Based on GRASP, aka childesparser, developed by
Kenji Sagae 
at Carnegie Mellon University

Includes code from SSMaxEnt, written by Yoshimasa Tsuruoka 
at the University of Tokyo (now at the University of 
Manchester).

----------------------------------------------------------------

QUICK START

1. Unpack the tar.gz or .zip archive (see below).

2. Find the executable for your platform.  For example, the
   i386 Linux executable is called megrasp-linux.

   If an executable for your plataform is not available,
   compile (see below).

3. Assuming you have a file named test.cha, you can run
   % ./megrasp test.cha > output.cha
   to create an output file called output.cha.
   
   This uses a model provided with the distribution,
   megrasp.mod.  If option -t is used and a new model
   name is not specified, the provided model will be
   overwritten.  To retrain the parser, see command line
   options below.

----------------------------------------------------------------

UNPACKING

% gunzip megrasp0.8b.tar.gz
% tar xvf megrasp0.8b.tar

COMPILING

% make megrasp

This produces an executable called megrasp.
This has only been tested on Linux, but it
should work fine on cygwin and MacOSX.

USAGE

% ./megrasp [-g str] [-G str] [-p str] [-m str] [-L int] [-e]
	    [-t [-i int] [-c float]] inputfile

inputfile may be a filename (file must be in CHAT format, 
with part-of-speech tags produced by MOR and POST), or a 
sequence of filenames, or a pattern using wildcards (for 
example: *.cha).  Use the -o option (see below) only if 
using a single file name.

If inputfile is omitted, the parser reads input from STDIN
and writes output to STDOUT.  If inputfile is specified, 
the parser creates a new output file with the same name as
the input file with the additional extension .txt (unless 
the -o option is used to set the name of the output file).

Command line options:

-g str:	prefix for output lines (default: xgra)
	For example, if the option '-g abc' is given to the parser,
	output lines will begin with %abc: followed by a tab character
	(the default is to use the standard %xgra:). 

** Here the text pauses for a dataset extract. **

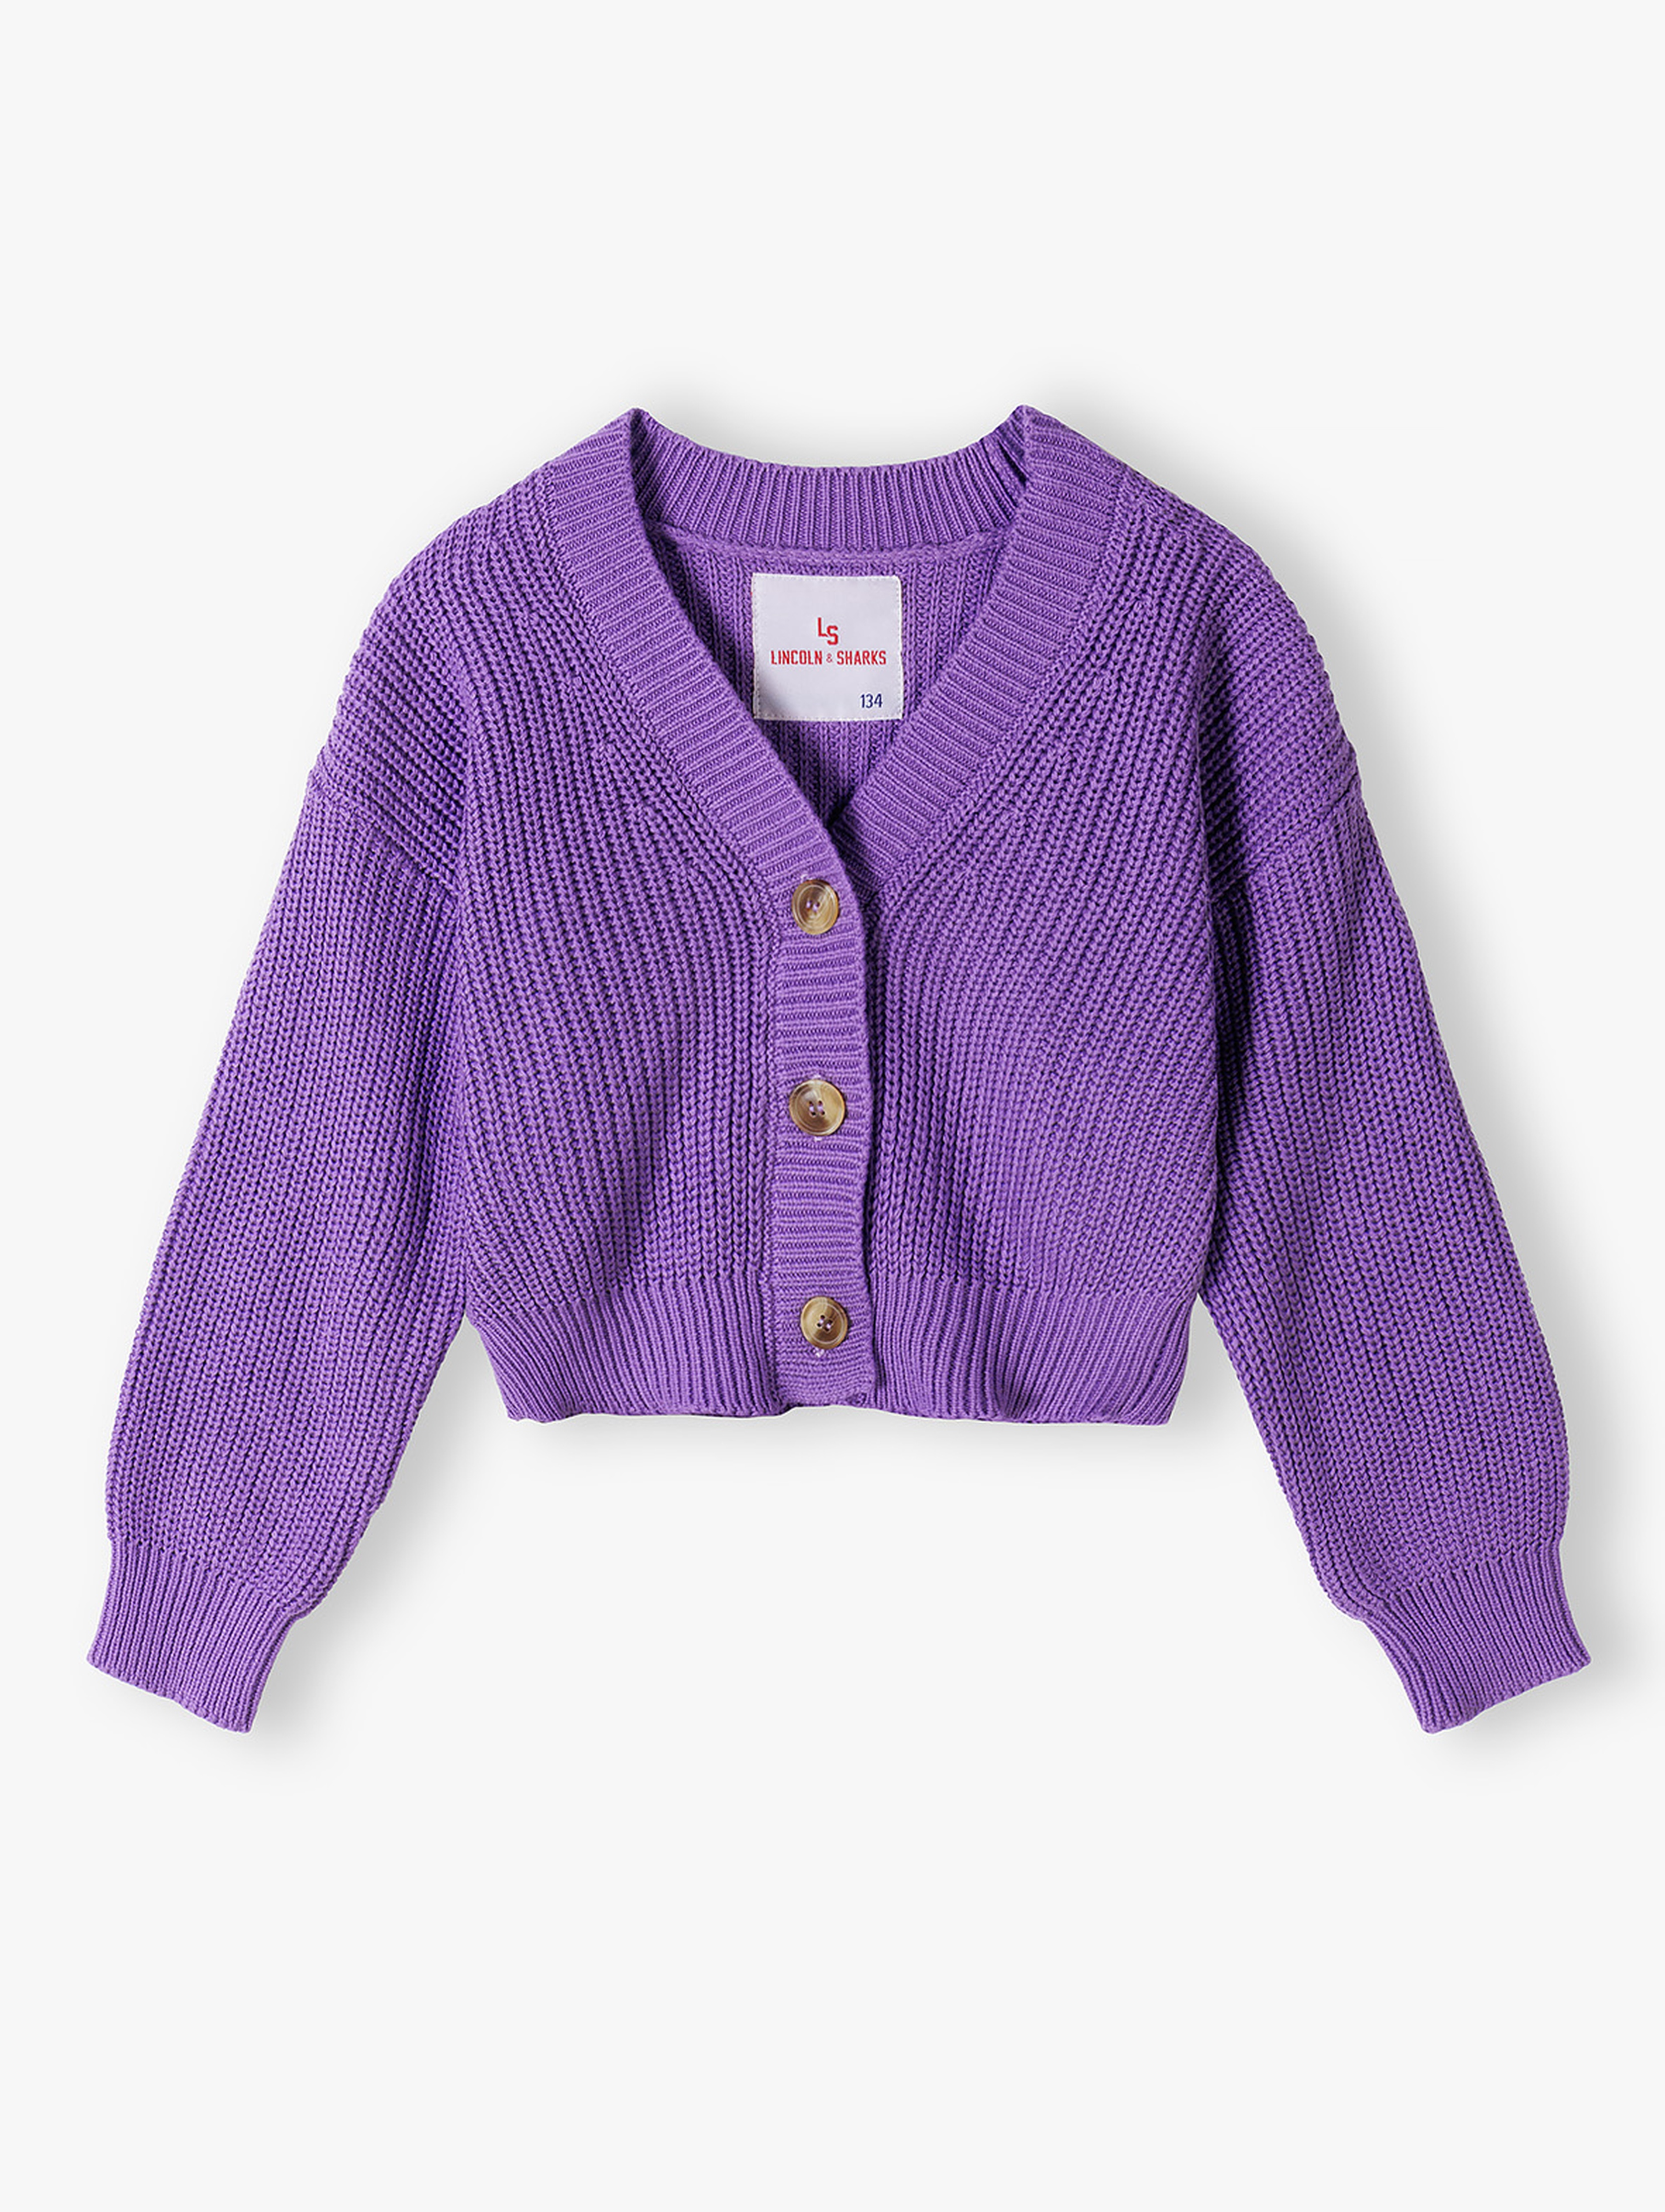 Fioletowy sweter dziewczęcy rozpinany

-G str:	prefix for GR training lines (default: xgrt)
	GR training lines have the same format as output lines, but
	are assumed to be correct.

-p str:	prefix for POS lines, must be three characters (default: mor)
	Other choices that make sense here include trn and pos.
	Ambiguous tags are NOT supported.

-m str:	model name (default: megrasp.mod).	

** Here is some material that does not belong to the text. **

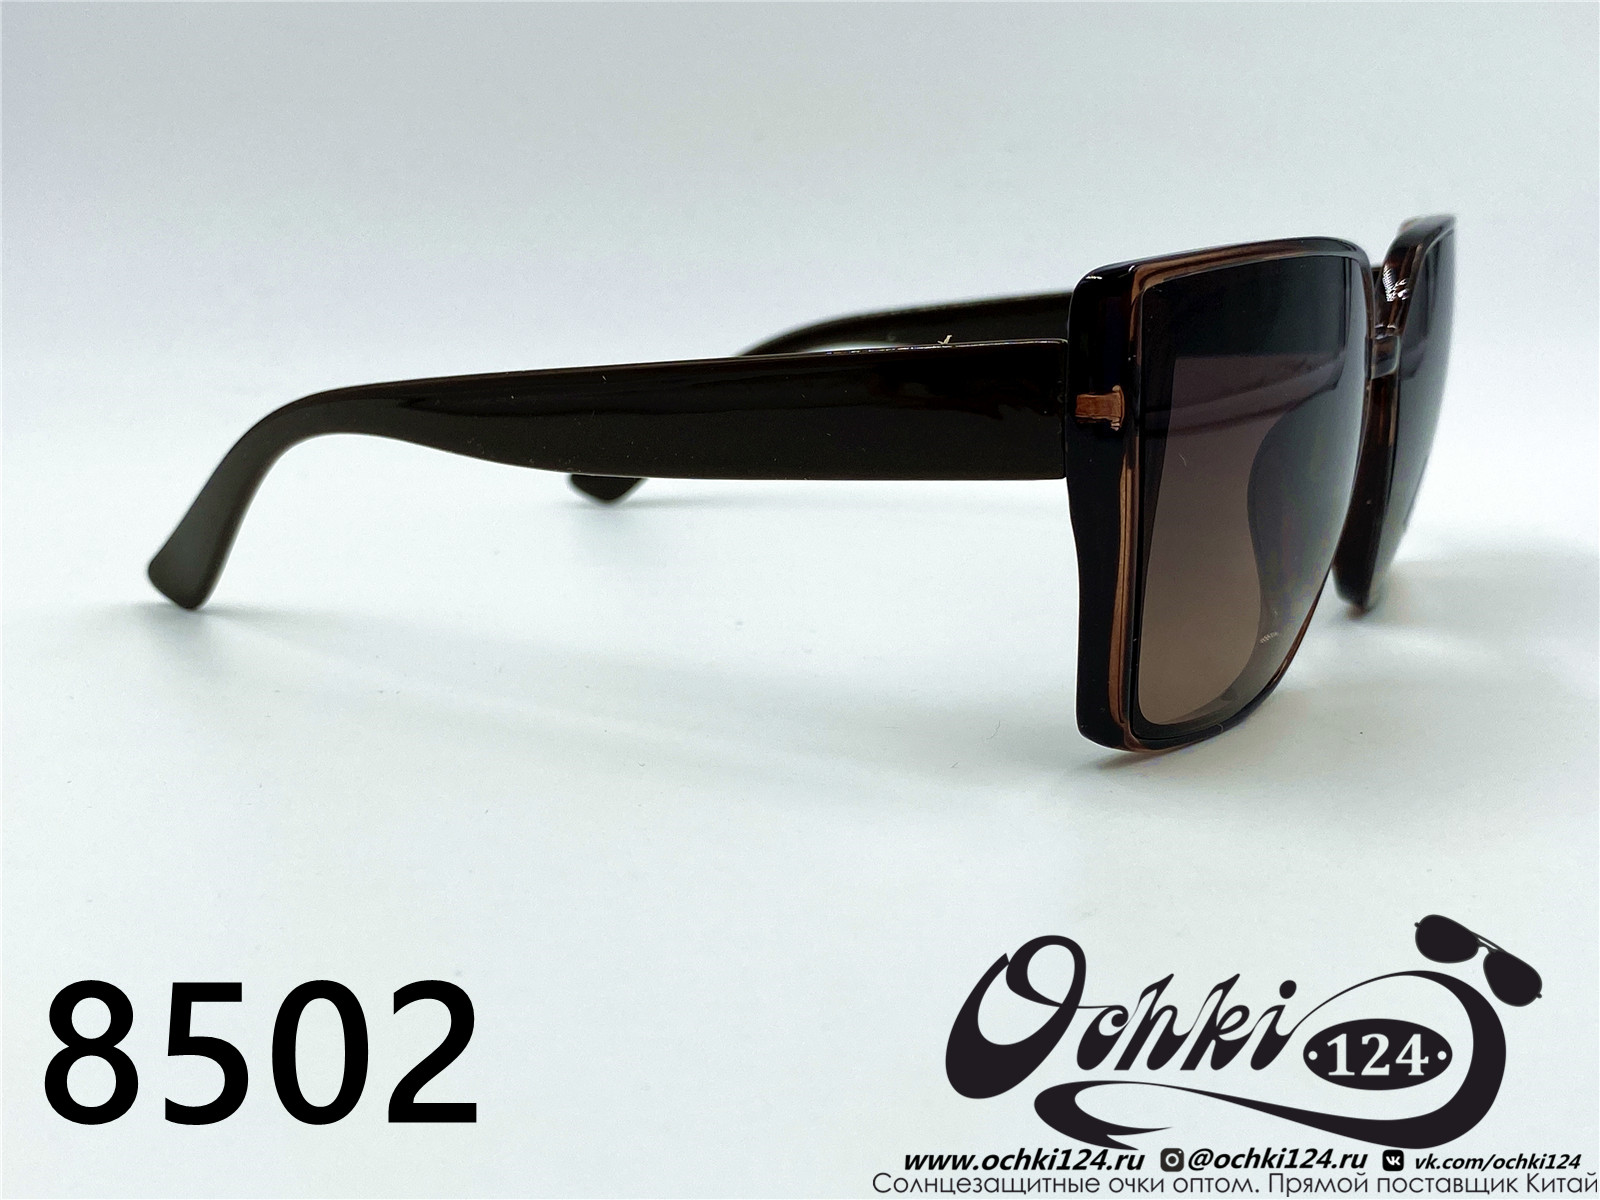  Солнцезащитные очки картинка 2022 Женские Квадратные Aras 8502-5

-o str: output file name.  If this option is not used, the output
	file name is the input file name with a ".txt" appended to
	it (if input is being taken from STDIN, output is written
	to STDOUT).

-L int: number of characters before output line wraps (default: 80)
	If L is set to zero, line-wrapping is turned off, and
	line breaks never interrupt output lines.

-e:	evaluate accuracy (input file must contain gold-standard GRs)

-t: training mode (parser runs in parse mode by default)
	Use this option only to train the parser using a file that
	contains GR training lines (usually %xgrt:).  When the parser
	is used with the -t option, it writes warnings to STDERR, 
	which can be captured to a file like this:
	./megrasp -t myfile.cha >& log.txt

The next two options are used in training mode only (with the -t option).
If the short descriptions don't make sense, it's best to leave those
alone, or see Kazama & Tsujii (EMNLP 2003).

-i int:	number of iterations for training the ME model (default: 300)
-c float: inequality parameter for training the ME model with
	inequality constraints (default: 1.0).


---------------------------

Changes

10 JUL 2009, v0.8a: changed default tier names (xgrt, xgra, mor)
10 JUL 2009, v0.8a: changed default output file name (add .txt)
17 MAR 2008, v0.7a: added evaluation option (-e)
19 NOV 2007, v0.7: made the "previous action" feature part of the parser state.